Меня поволокли на середину арены и повалили на землю. Я еще не понимал, что происходит.
– Бурбоса, скотина ты эдакая, скажи им, чтобы они прекратили! - завопил я. - Скажи этому жирному, чтобы меня отпустили!…
– Спасибо, господин Обершмуллер! - масленым голосочком произнес подлец Бурбоса. - Как тонко вы изволили подметить - токмо плетями! Истинно чувствуется ваша высочайшая образованность…
И только когда хлыст со свистом разрезал воздух и впился в мою спину, до меня дошло.
Я озверел. Я с ревом вскочил на ноги, раскидав корявых людишек - тех, что пытались меня удерживать. Они дружно бросились на меня, но я уложил всех их, потратив на каждого не больше чем по удару. Ко мне уже бежали два стражника с алебардами. Я схватил хлыст и сшиб им стражников с ног. Не думаю, что я нанес им значительный вред, но они предпочли закрыть глазки и сделать вид, что лишились чувств. Зрители оцепенели на мгновение, а потом дружно подались назад. Желающих показать свою удаль и укротить вышедшего из повиновения пса среди них явно не было.

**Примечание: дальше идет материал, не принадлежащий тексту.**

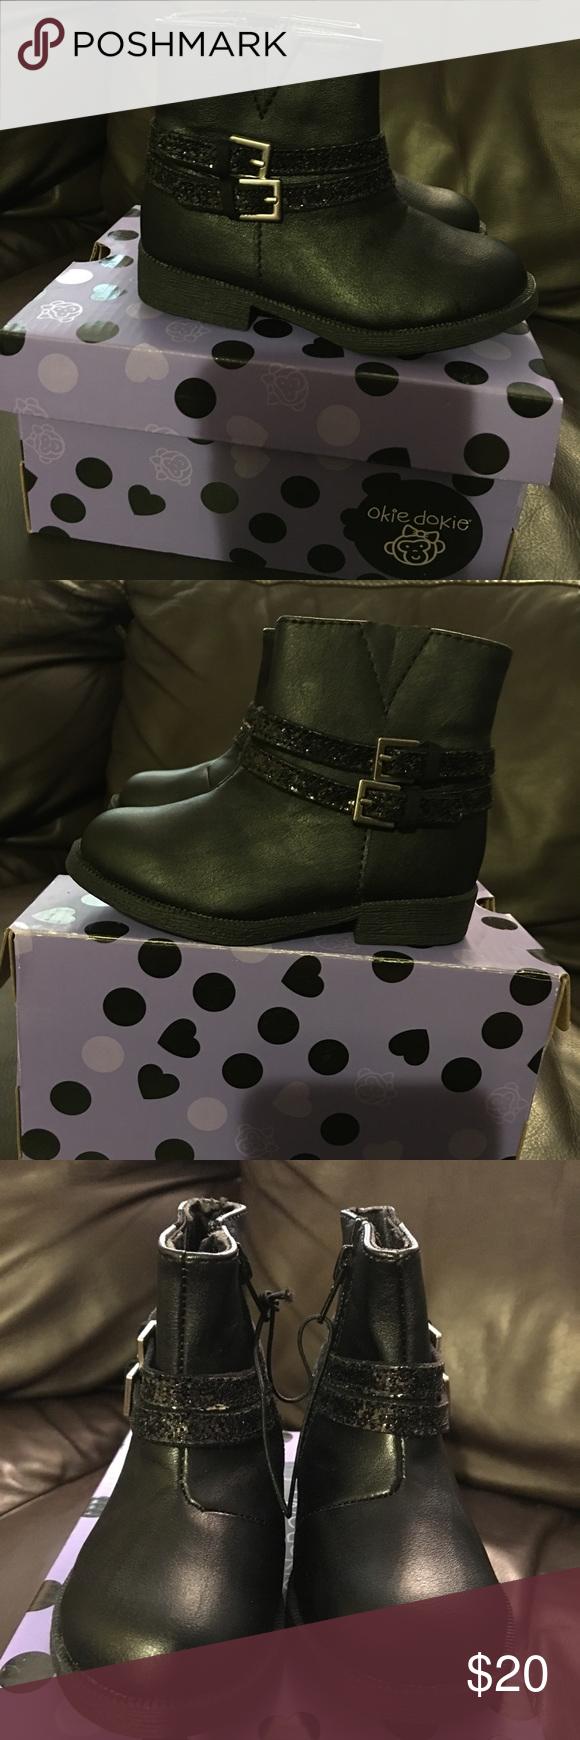 Brand new boots okie dokie Brand new boots okie dokie 7 medium black okie dokie Shoes Boots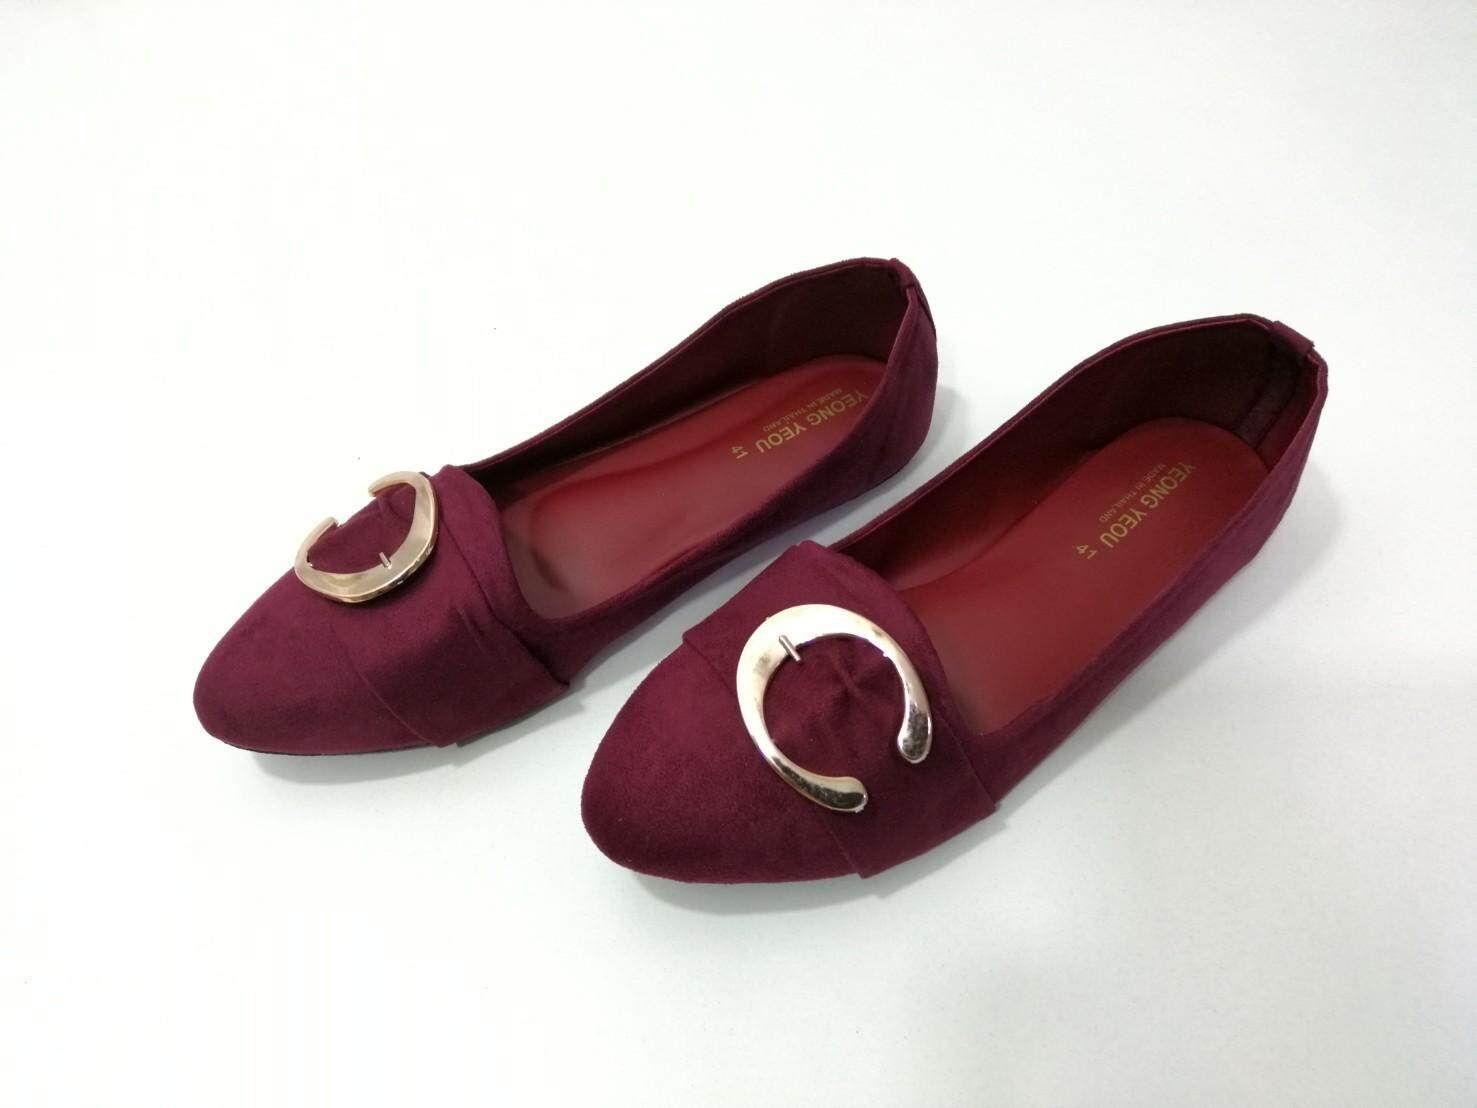 Yeong Yeou รองเท้าคัทชูผ้าหนังกลับตัว C บิ๊กไซส์ Yy626-1.

– Пес Шустряк, именем Госпожи Дум приказываю тебе остановиться и перестать бесчинствовать! - провозгласил судья-стервятник. Наверное, он чувствовал себя в безопасности, сидя на высоком столбе. Напрасно. Я взбесился не на шутку. Я преодолел расстояние до столба в три.прыжка и в последнем прыжке ударил в столб обеими ногами. Дерево затрещало, пошатнулось, судья сорвался со своего насеста и спикировал на землю. Но, как я и предполагал, летать он разучился совершенно, а может быть, и не умел никогда. Он шлепнулся так, что мослы его загремели, как камни в деревянном ящике. Я немедленно вытянул его хлыстом по спине. И еще раз. И еще. Пусть знает, как назначать наказание плетьми хорошим людям.
– Госпожа Дум! Взываю к тебе, о великая Госпожа! - Один из свиноподобных обитателей помоста воздел руки к небу, в тонком голосе его чувствовалась торжественность и уверенность в том, что он делает. - Останови этого безумца! Прояви свою силу, Госпожа наша, пусть оцепенеет сей пес как камень и отдастся в руки справедливости и порядка! Ибо нарушает он законы Книги Дум! И восславим тебя, Госпожа наша, владычица Кларвельта, создавшая мир наш и людей его… Наверное, этот человек был местным священником, потому что одет он был в длинную черную сутану, а на голове его красовалась высокая цилиндрическая шапка. Несколько секунд все таращились на меня, будучи уверенными, что я обездвижен на самом деле. А я не хотел их разочаровывать, выдерживал артистическую паузу, застыл в неудобной позе на одной ноге и с поднятым хлыстом. Судья, вроде бы уже совершенно потерявший способность двигаться, вдруг ожил и начал вставать на четвереньки, скрипя всеми суставами. И по толпе тут же пронесся вдох облегчения - кажется, никто здесь не сомневался, что эта самая Госпожа Дум Может заочно навести порядок: наслать на меня оцепенение и паралич, а может быть, даже гром и молнию. Единственный, кто в этом сомневался, - я сам. Не ощущал я никакого воздействия, только проклятая левая рука снова начала чесаться.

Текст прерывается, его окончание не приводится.